Force-pushed to add changelog entries and fix documentation.
Force-pushed to move the new generated serial tables into separate submodules, and added cfg-flagged tests to generate them, and a CI job that verifies them. If this works, I'll attempt to replicate this for the vector tables.
Force-pushed to fix the Fiat backends, and adjust the new CI check to fail if the table generators do nothing (as they generate output that is incorrectly formatted, and thus detectable).
Force-pushed to implement a similar kind of generator approach for the AVX2 vector table.

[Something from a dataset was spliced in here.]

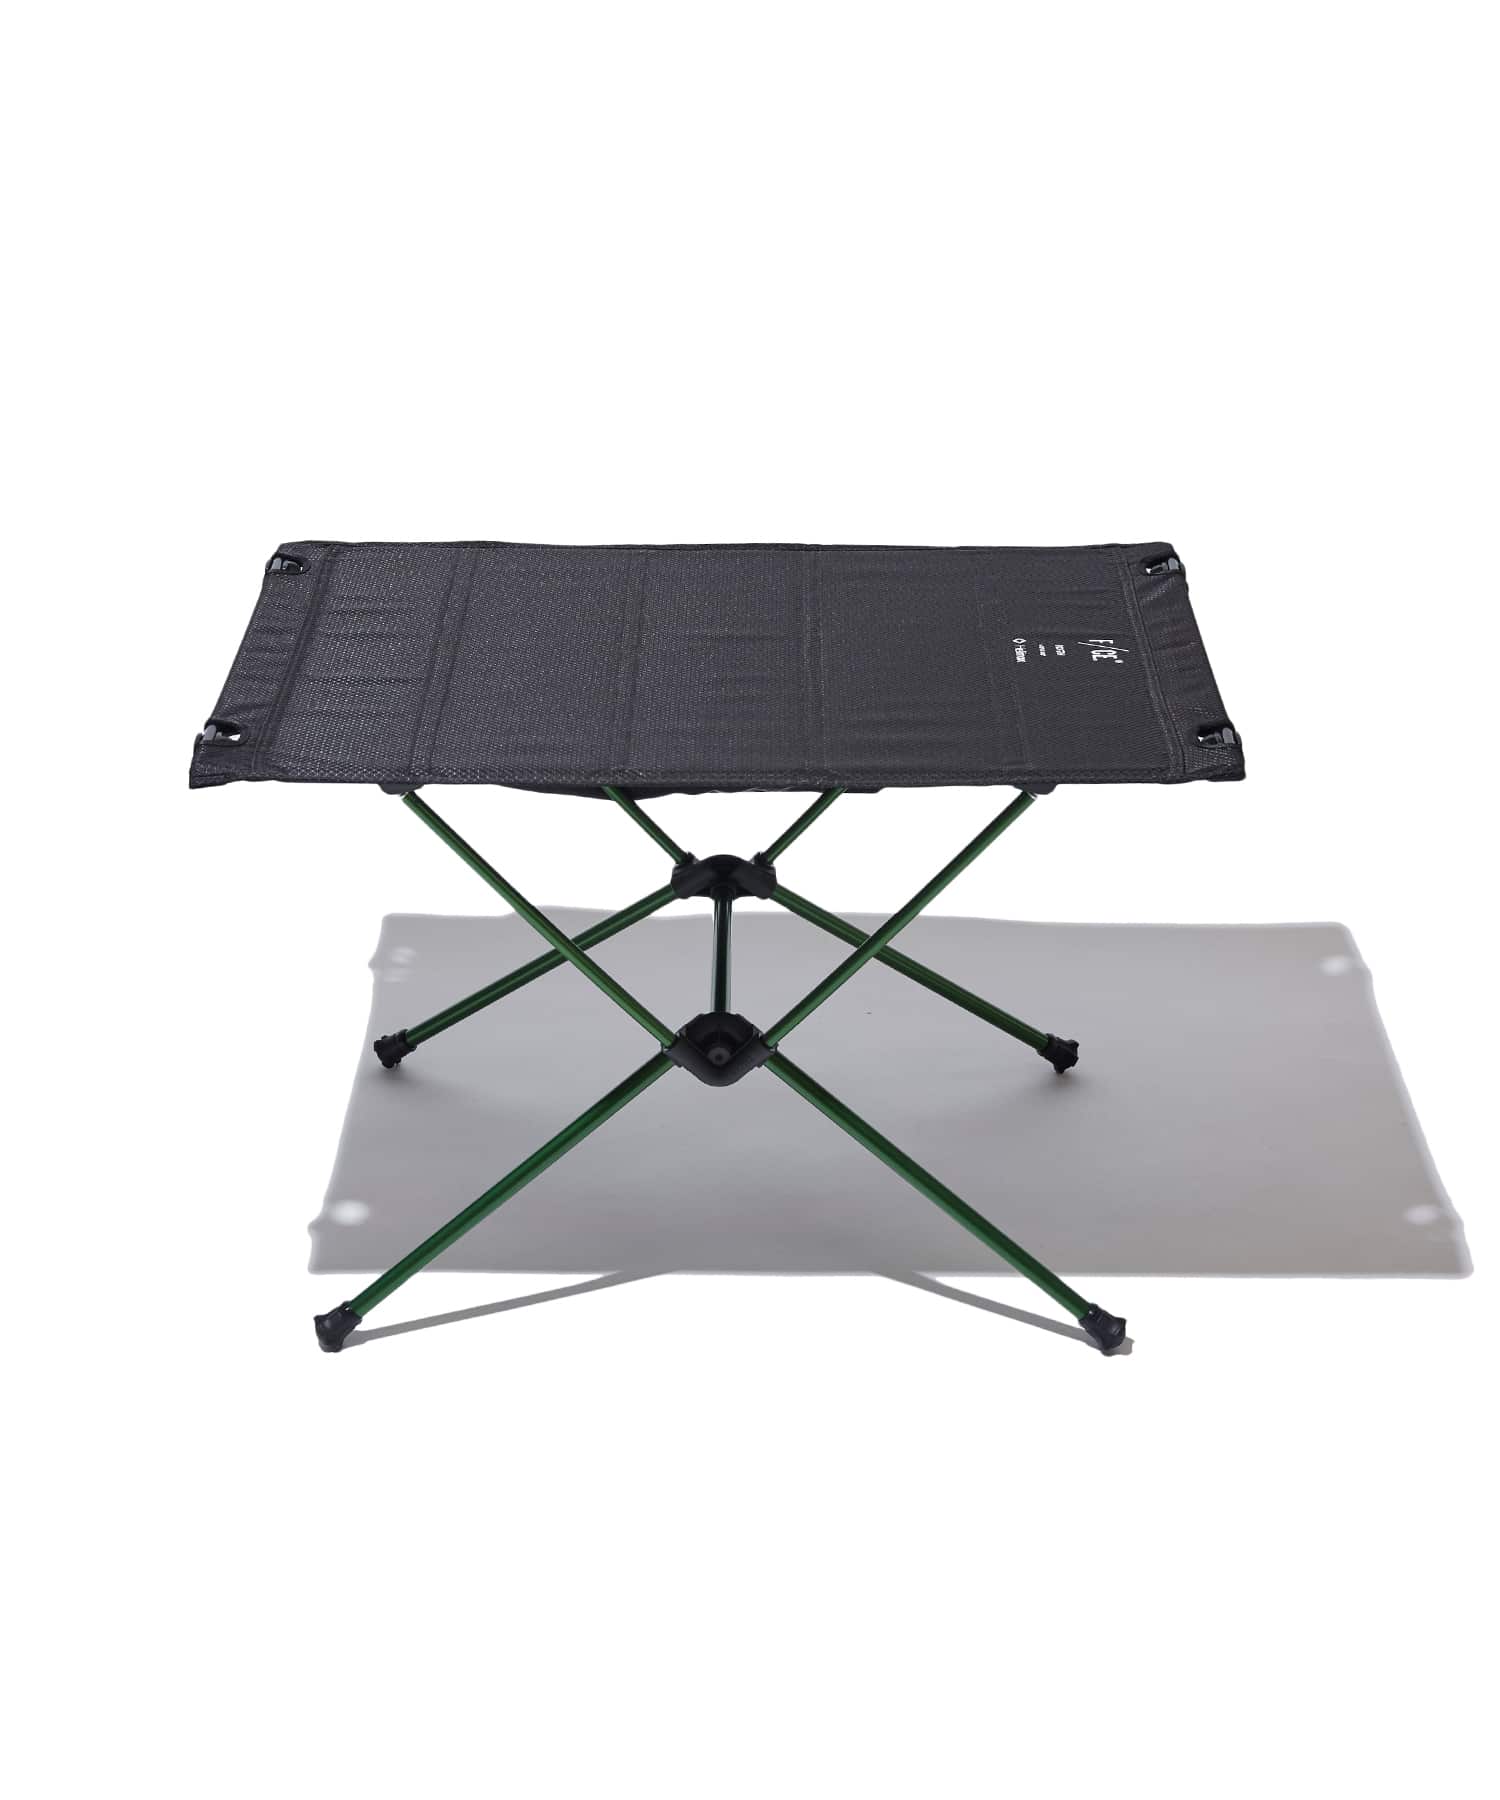 アウトドア テーブル/チェア F/CE. 10TH Helinox Tactical Table M SPECTRA / エフシーイー ヘリ

It doesn't currently work because the Debug
impl for u32x8
doesn't print out values that are suitable for use in its constructor; additional post-processing will be required.
Force-pushed to fix the AVX2 table generator. The generated constant is concretely different from before (I presume something changed about the wNAF implementation in the intervening four years), but tests pass before and after the change (and I checked that mutating either version of the constant causes a test to fail).
Force-pushed to implement a generator for the IFMA vector table, based on the working AVX2 generator. It should work, but I don't have the hardware to run it, and so the IFMA constants remain invalid. Someone with compatible hardware needs to run the following commands on this branch:
$ RUSTFLAGS="--cfg curve25519_dalek_generate_tables" cargo +nightly test --all-features table_generators
$ cargo fmt
and then provide the resulting diff to the IFMA table.